A risk score based on clinical characteristics of GDM women for the development of preeclampsia [23]	First trimester BMI ≥ 27 kg/m², GDM diagnosed within 20 weeks of gestation, poor glycaemic control ^e	Simplified scoring system	Internal validation (apparent)	GOF (p = 0.792)	0.911 (0.877–0.946)
Subgroups at different risks of developing the composite adverse neonatal outcome [24]	Pre-pregnancy BMI, family history of diabetes	Decision tree consisting of four patient subgroup classes	NR	NR	NR
The fetal overgrowth index [25]	High fasting glucose ^f, enlarged abdominal circumference ^g, excessive weight gain ^h, history of macrosomia ⁱ, Age ≤ 30	Simplified scoring system	Internal validation (bootstrapping)	NR	0.89 (0.888–0.891)

Abbreviations: c-statistic, concordance statistic; CI, confidence interval, BMI, body mass index; GDM, gestational diabetes; GOF, goodness of fit; LGA, large-for-gestational-age; NR, not reported; OGTT, oral glucose tolerance test; a The concordance statistic is equal to the area under the receiver operating characteristic curve for models predicting binary outcomes; b This study presented results for each of eight fixed sets of predictors (designated models A to H) from the following: fasting, 1-hour post-load (1 h) and 2-hour post-load (2 h) OGTT results, haemoglobin A1c, age, height, BMI at time of OGTT (24–32 weeks gestation) and parity.
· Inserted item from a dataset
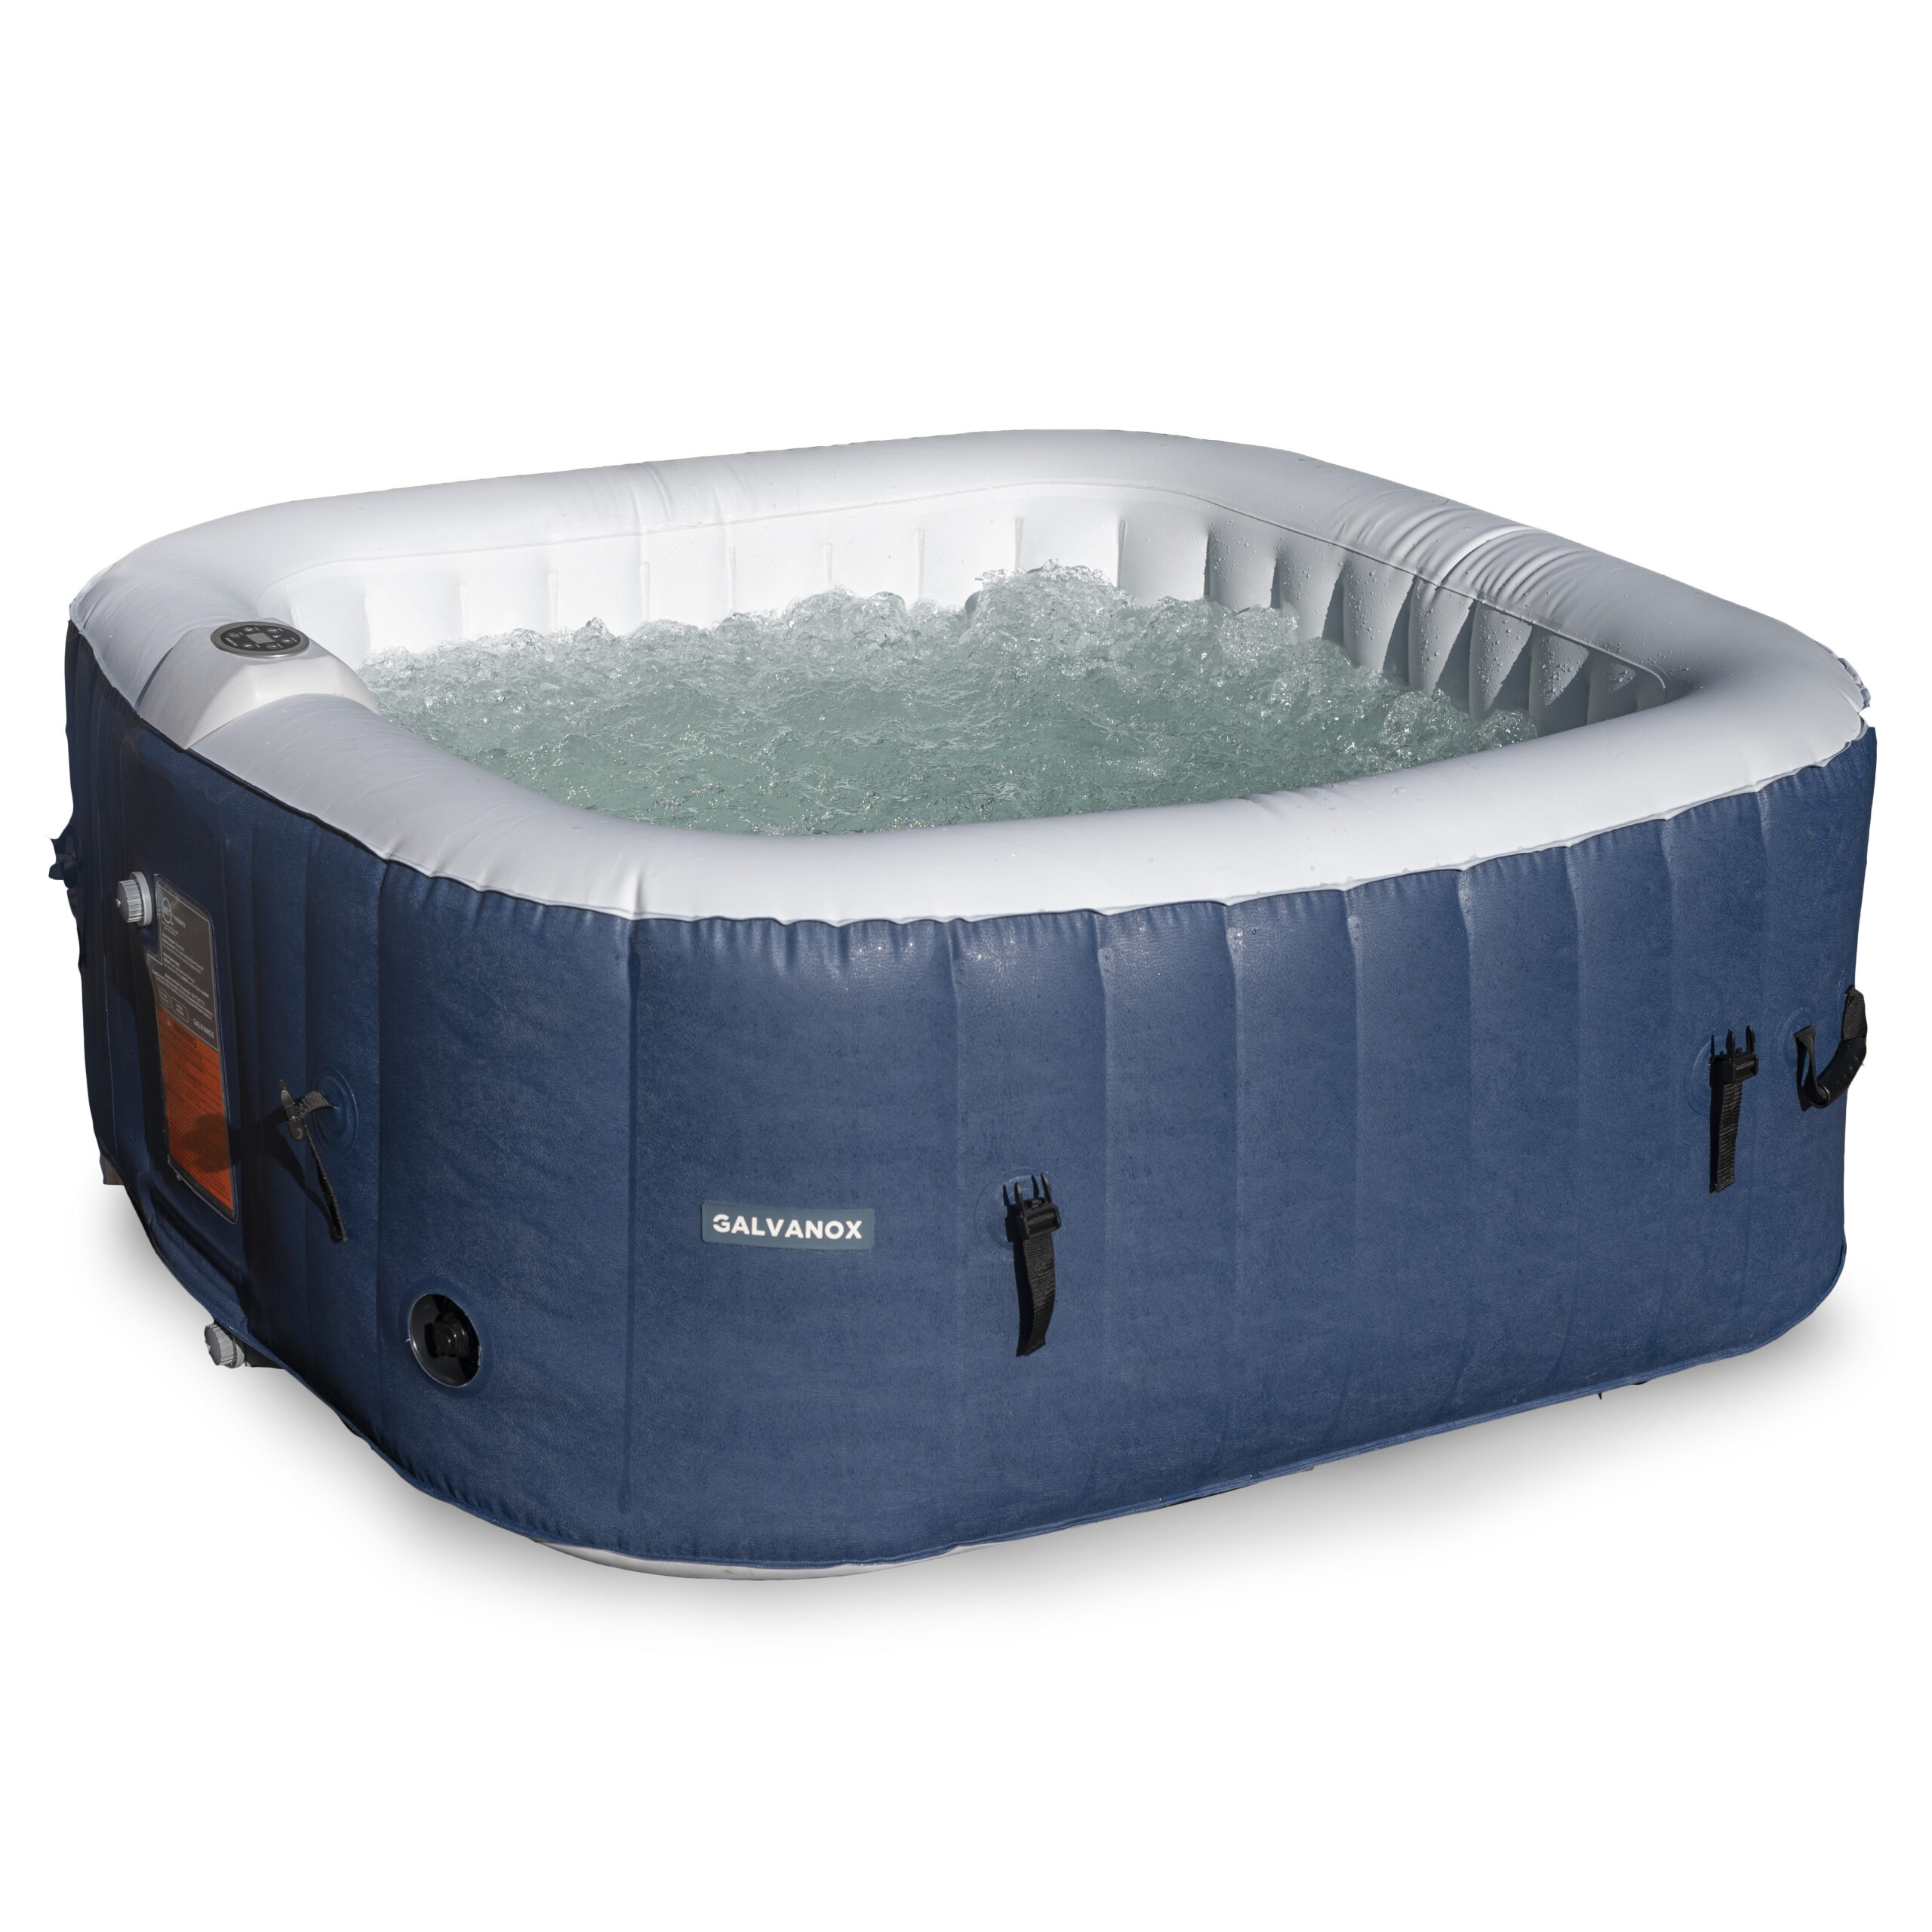 Inflatable 4 6 Person Hot Tub Encased

Six of the eight sets of predictors (Models A to F) only included glycaemic measures as predictors—fasting, 1 h and 2 h glucose levels from an OGTT in varying combinations or averaged, or haemoglobin A1c. Two sets of predictors (Models G and H) combined four clinical characteristics (age, height, BMI and parity) with OGTT results, as individual components or averaged respectively. Of the eight sets of predictors evaluated the authors nominated model G (individual OGTT components with clinical characteristics) as having the best predictive ability and presented the models using this set of predictors most completely, reporting standardised coefficients for each. Hence, for comparison, we considered these models to represent the “final” model in their development process and hence, it is these results that are presented; c Results from a 75 g, 2-hour OGTT undertaken at 24 to 32 weeks gestation; d Results from a 100 g, 3-hour OGTT undertaken at 24 to 28 weeks gestation; e Poor glycaemic control defined as ≥ 2 separate occasions of fasting glucose ≥ 5.8 mmol/L and/or 2 postprandial glucose ≥ 6.7 mmol/L after GDM treatment; f High fasting glucose defined as fasting glucose at 24 to 30 weeks (either serum value derived from OGTT or mean fasting capillary blood glucose over 1 week) ≥ 5.6 mmol/L (100 mg/dL); g Enlarged abdominal circumference defined as ≥ 90th percentile on ultrasound between 24 and 30 weeks; h Excessive weight gain defined as weight gain in second and third trimester ≥ 0.3 lb/week above the Institute of Medicine (BMI-based) goal range; i History of macrosomia defined as prior infant birthweight > 4 kg.

Figure 4

Selected predictors in final models for pregnancy complications in women with gestational diabetes.

3.3.6. Model Evaluation

Model performance was evaluated using the same dataset used to develop the model (apparent validation) in all but one study [25] (Table 5). In this study, results of internal validation based on resampling of the development dataset using bootstrapping was reported. No studies reported results of external validation as a measure of transportability of the developed model to new populations.

3.3.7. Model Presentation

Three studies [23,24,25] included an alternative presentation format of the final models designed for ease of use and clinical application (Table 5).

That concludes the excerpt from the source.